Sunday, 4 March 2012

Evolutionary philosophy versus specific applications of evolution


Evolutionary philosophy - the application of evolution by whatever mechanism as the primary metaphysical reality - is false.

False because it is self-refuting nonsense (since it destroys any possibility of knowledge, including knowledge of its own truth), and wrong because it is anti-Christian (therefore anti-Truth).


But it is also false to say that evolution cannot happen anywhere, ever.

Indeed we know by ordinary common sense that evolution really happens - the dispute is whether evolution happens in such and such a circumstance, and how far or fast it can go.


The main common sense knowledge of evolution comes from animal and plant breeding - evolution gradually became common sense from the 1700s onward as ordinary people purposefully began to change the functional properties and appearance of crops, farm animals and pets such that these changes were inherited by future generations.

Animal breeding provides the major example of evolution in the Origin of Species precisely because it was - by that time - a matter of undeniable common knowledge that the properties of some living things could sometimes be shaped by artificial selection.
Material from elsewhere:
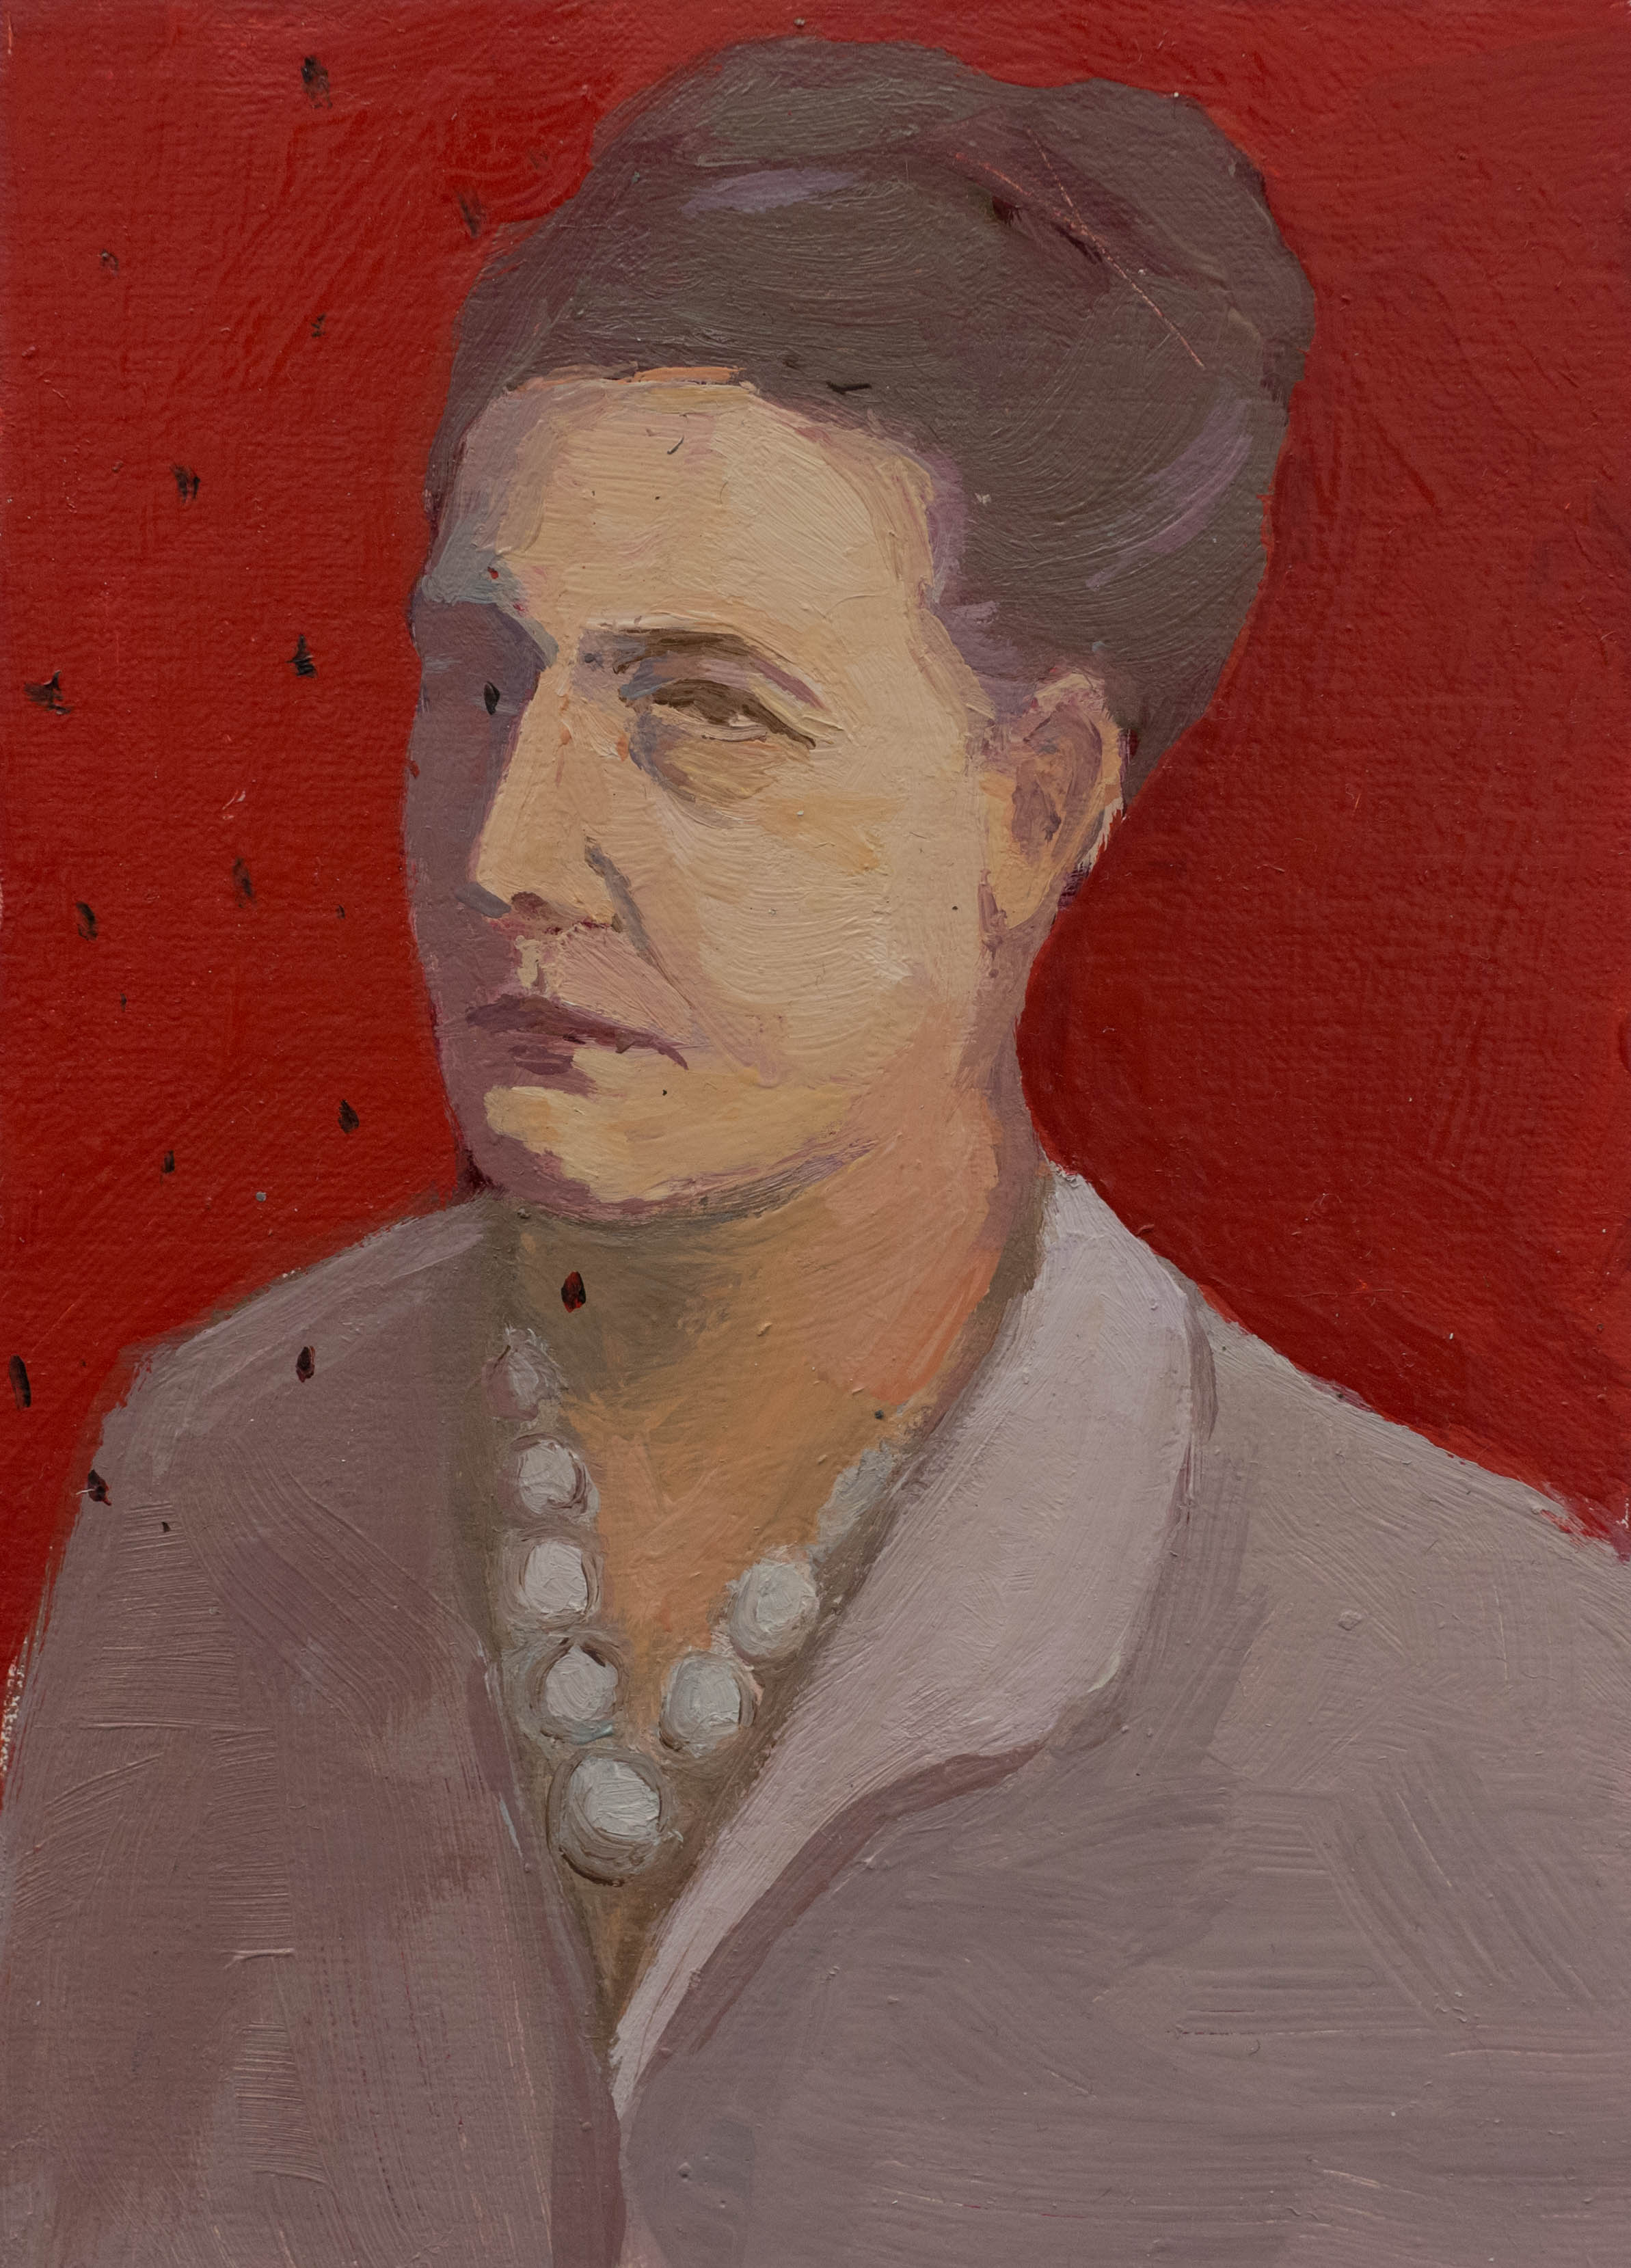 Portrait of Simon De Beauvoir  5 x 7 in  oil on panel

Darwin's primary argument was that if this could happen due to human purpose it could also sometimes happen without human purpose.

Which, once stated, seems obviously correct.
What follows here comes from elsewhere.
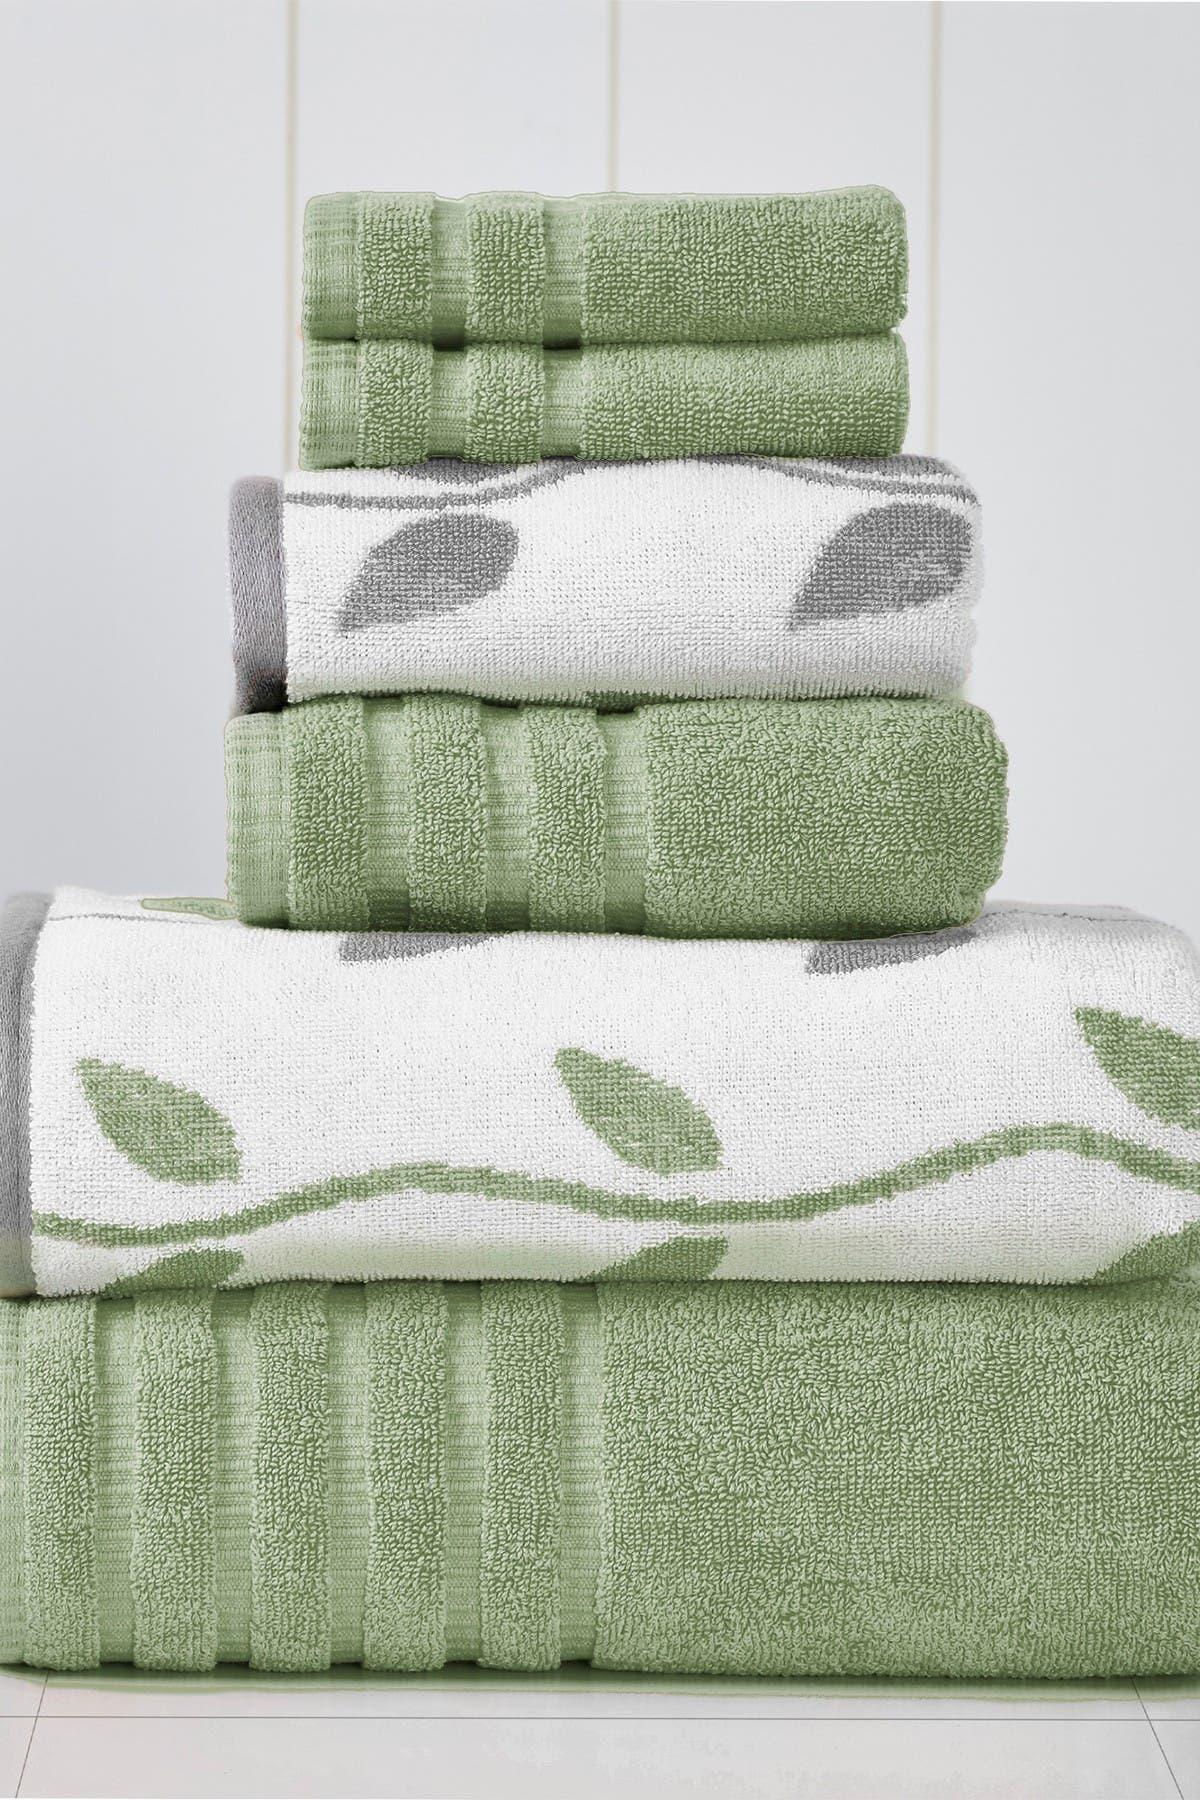 Image of Modern Threads Yard Dyed Towel 6-Piece Set - Organic Vines Sage Green

Darwin's secondary argument was that if obvious but quantitative change could be produced in human lifetimes, then vastly greater and qualitative change could be produced over a much longer timescale (time now available to theorists as the estimates of the age of the earth became much greater).

But this secondary argument is not a matter of common sense or common experience - nobody in primary reality has seen qualitative change happen or experienced the age of the earth - it is instead an extrapolation, an assumption.


That all complex adaptations (functionality) in biology and all the diversity of species, and indeed the reality of species differences could be explained by natural selection is a metaphysical assumption, logically incoherent and un-provable by common sense.

But also: that such and such a breed of pig or dog - with a relatively specified appearance and behavior and functionality transmissible by heredity - was produced by the breeding experiments of Farmer Giles or Mr Smith... this is a matter of appropriate knowledge: common experience evaluated by common sense.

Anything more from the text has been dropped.